◆ **Problem details**
From the entries below, reproduce exactly the lines from the one with "Verified Carbon Standard" through the one with "Restaurant Kitchen Chefs", both included, without images.
Segment Start: Data records
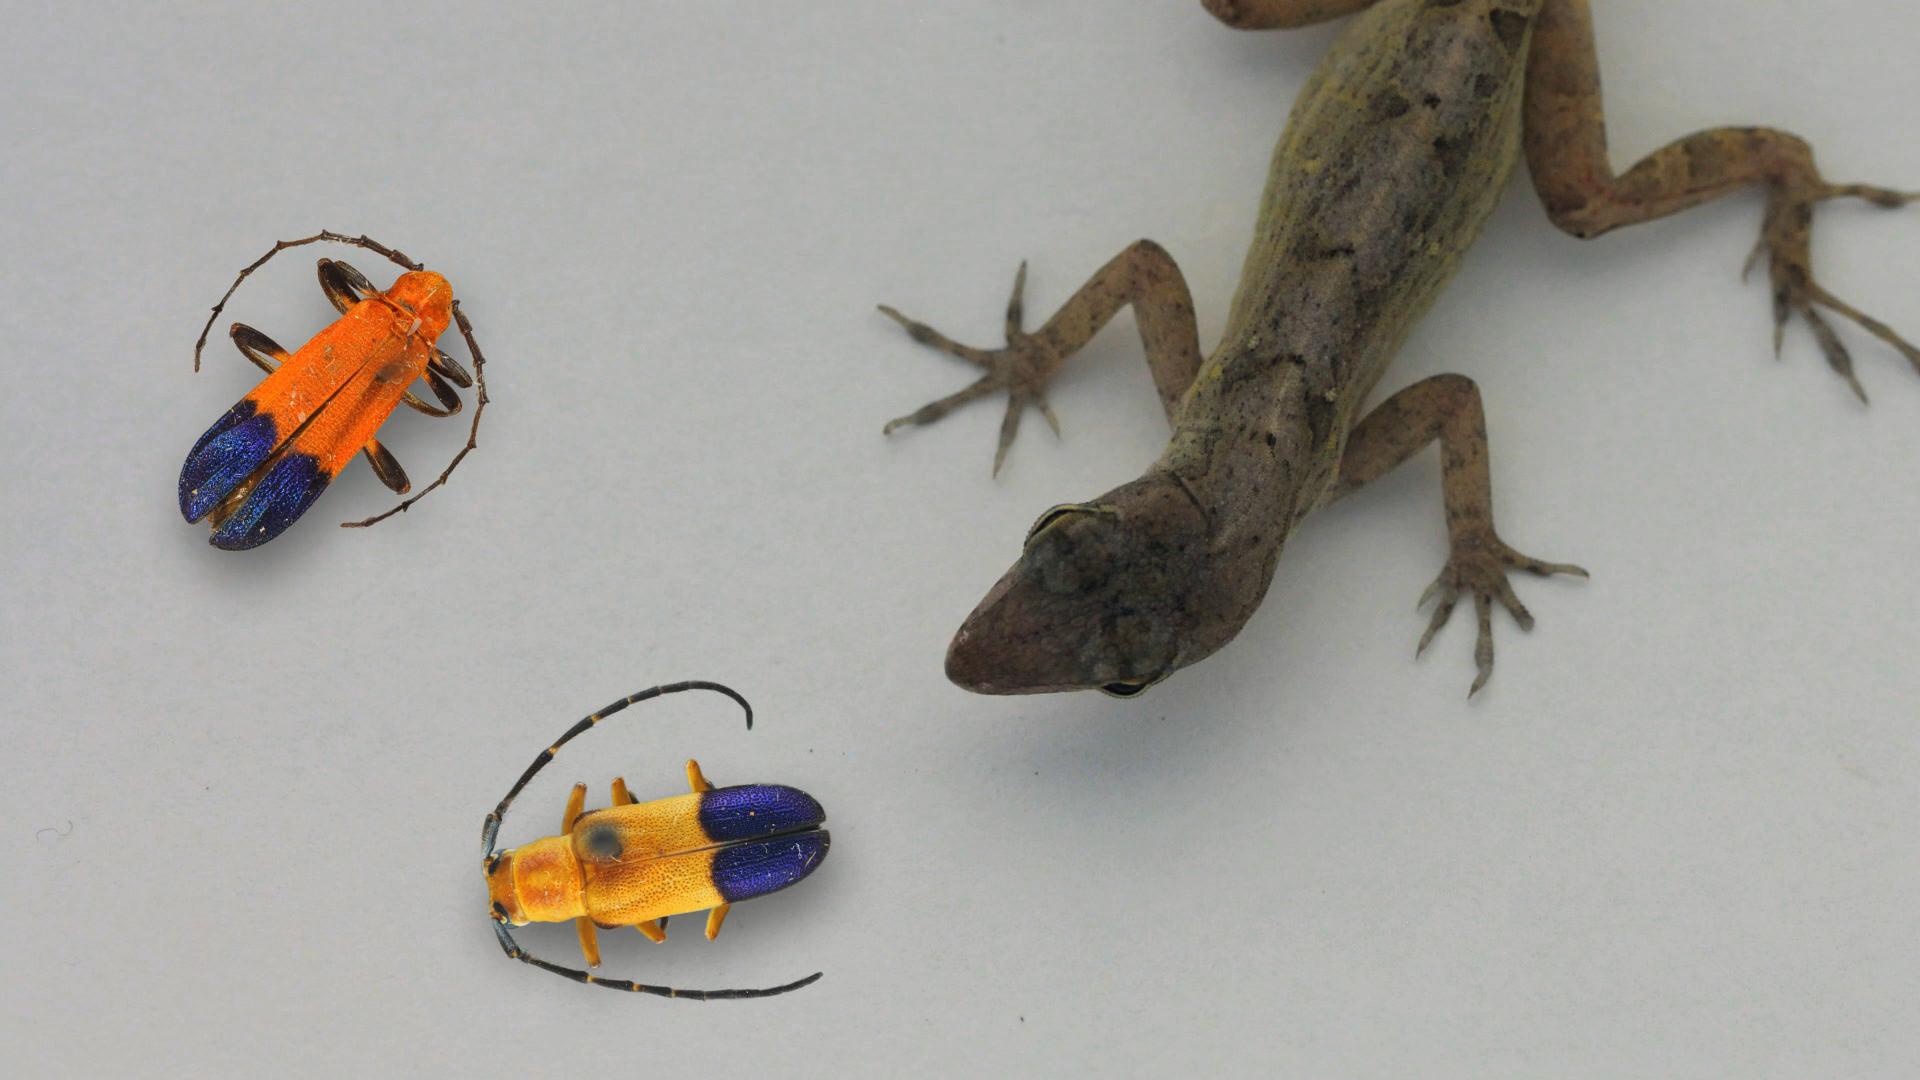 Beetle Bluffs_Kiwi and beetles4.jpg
Segment End: Data records
Segment Start: Data records
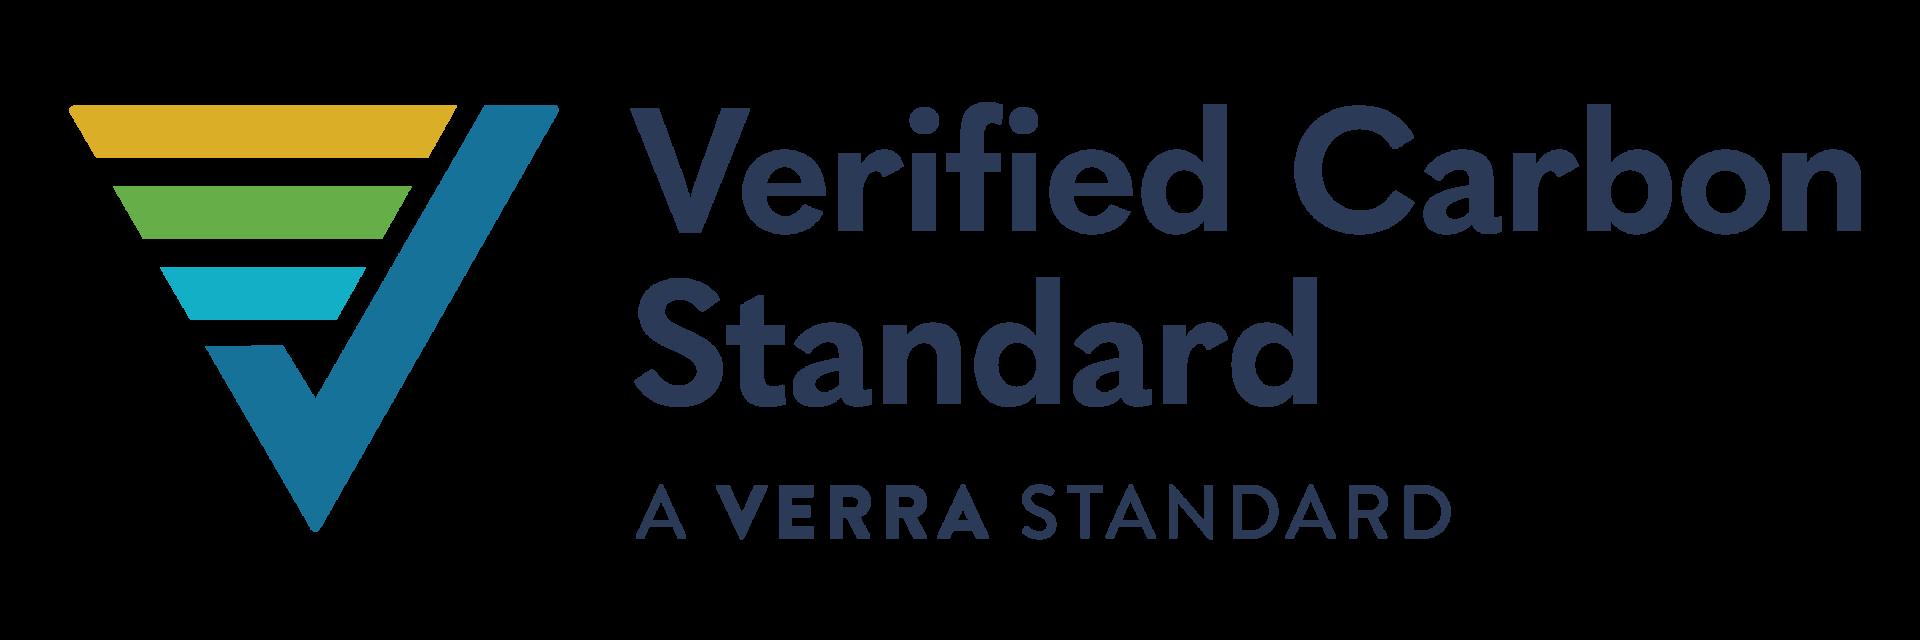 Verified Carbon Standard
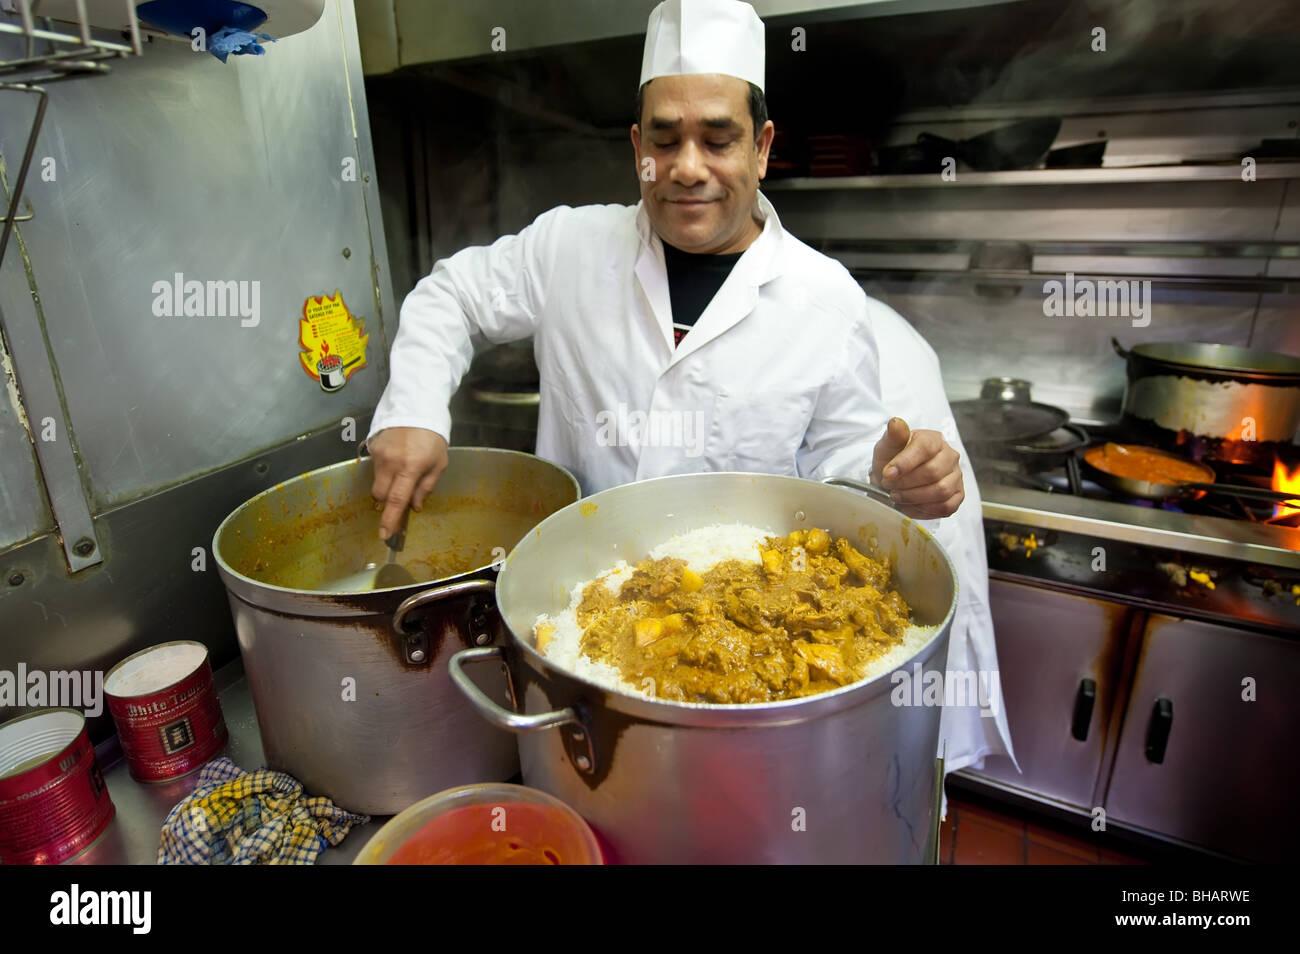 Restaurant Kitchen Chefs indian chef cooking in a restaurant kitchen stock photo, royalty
Segment End: Data records
Segment Start: Data records
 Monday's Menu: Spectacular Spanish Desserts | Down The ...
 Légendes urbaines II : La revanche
Segment End: Data records
◆ **Exercise solution**
 Verified Carbon Standard
 Restaurant Kitchen Chefs indian chef cooking in a restaurant kitchen stock photo, royalty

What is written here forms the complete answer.